# Michelle Trachtenberg in Gossip Girl - Where are the jeans from?



## foxynats (Apr 12, 2008)

Hi Guys, 

I love these jeans in this link >> 
http://theskinnywebsite.com/site/2008/04/02/michelle-trachtenberg-update/#comments 

I realise loads of people have slagged her off in that post, but personally i think she looks great, and i love how they are cut out at the front. 
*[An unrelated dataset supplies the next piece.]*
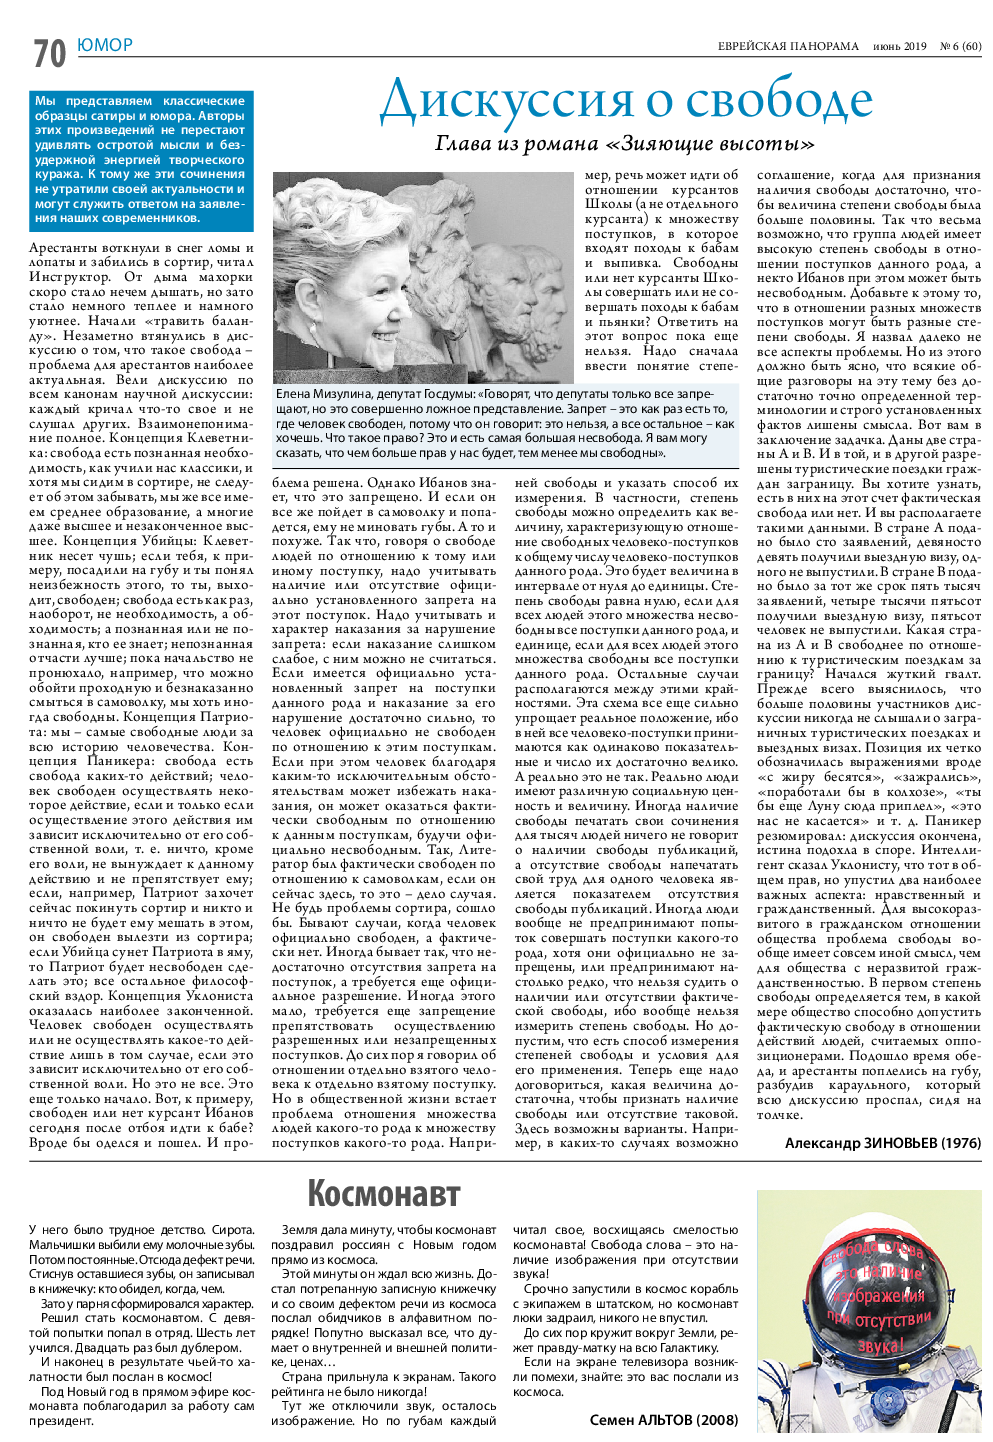 Еврейская панорама, газета. 2019 №6 стр.70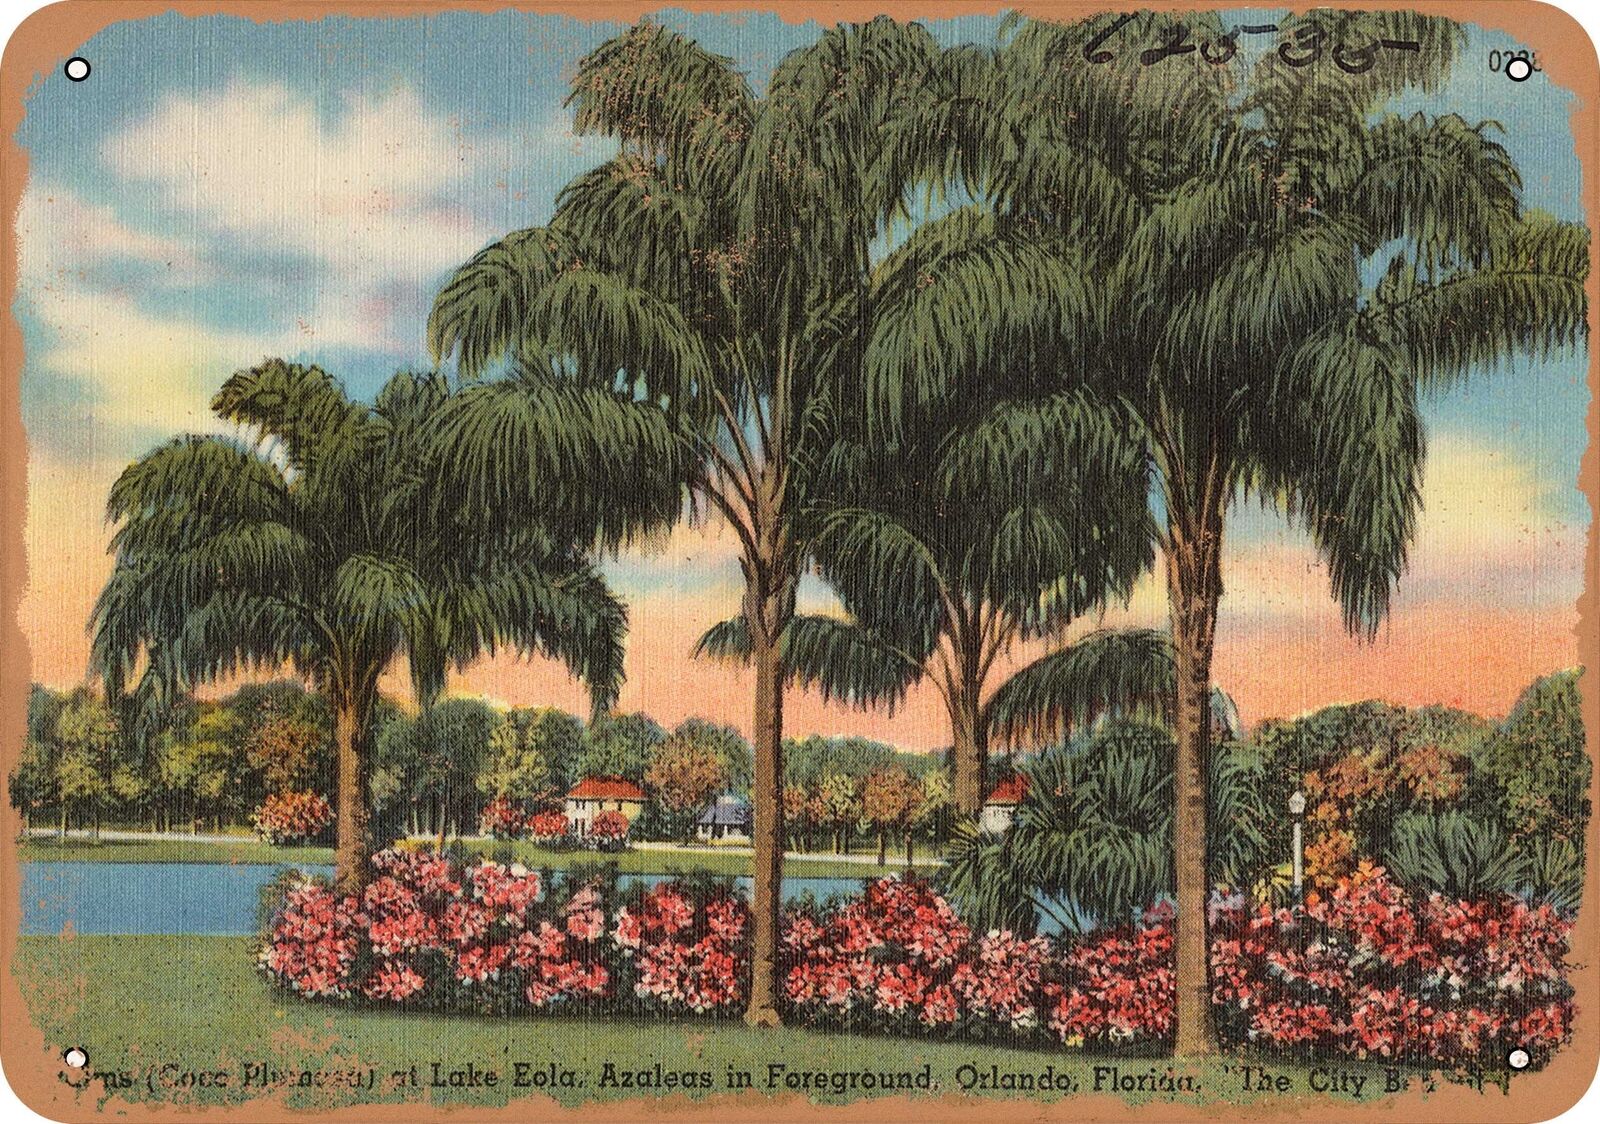 Metal Sign - Florida Postcard - Palms (Coco Plumosa) at Lake Eola, azaleas in f

Anyone know what brand they are? I need them, lol.

Thanks, Nat xxx


----------



## SingFrAbsoltion (Apr 12, 2008)

Sorry, don't know about the jeans, but wtf is up with those comments? "She could lose 15lbs?" No wonder so many celebs have eating disorders, wow. That girl looks completely normal and healthy. Ugh, that just pissed me off.


----------



## Janice (Apr 13, 2008)

I don't know what brand the jeans are, but I think they're seriously cute!


----------



## xoxprincessx0x (Apr 13, 2008)

she looks great!! so grown upp and pretty. those ppl who left the comments that her theighs look big are ridiculouss.


----------



## aziajs (Apr 13, 2008)

LOL....I didn't even notice the comments until you guys mentioned them.  It's funny because when I first looked at the pics I thought, "oh, she's gained a little weight."  I just thought it in passing but wouldn't have commented on it.  It's funny to me that there is a site called the Skinny Website to discuss a celebrities' weight.  How weird?!?!  Anyway, I think it's just the style of the pant that makes her look a little thicker in the thighs.


----------



## jilliandanica (Apr 25, 2008)

Those jeans look like the J Brand Split Bottom Pencil legs:


----------



## foxynats (May 8, 2008)

^^^^ 
Aww thanks for that honey, well i did some J Brand digging and they are deffo these pair:
J Brand Low Rise Ankle Cleavage in Tar Wash Style#014 @ Singer22

But i can't get them anywhere in the UK 
	

	
	
		
		

		
		
	


	




 So if any kind specktra people would like to do a CP... and i will also send any requested goodies over as a nice treat. Fingers crossed.

xx


----------



## jilliandanica (May 8, 2008)

J BRAND Low Rise Ankle Cleavage in Tar at Revolve Clothing - Free Shipping!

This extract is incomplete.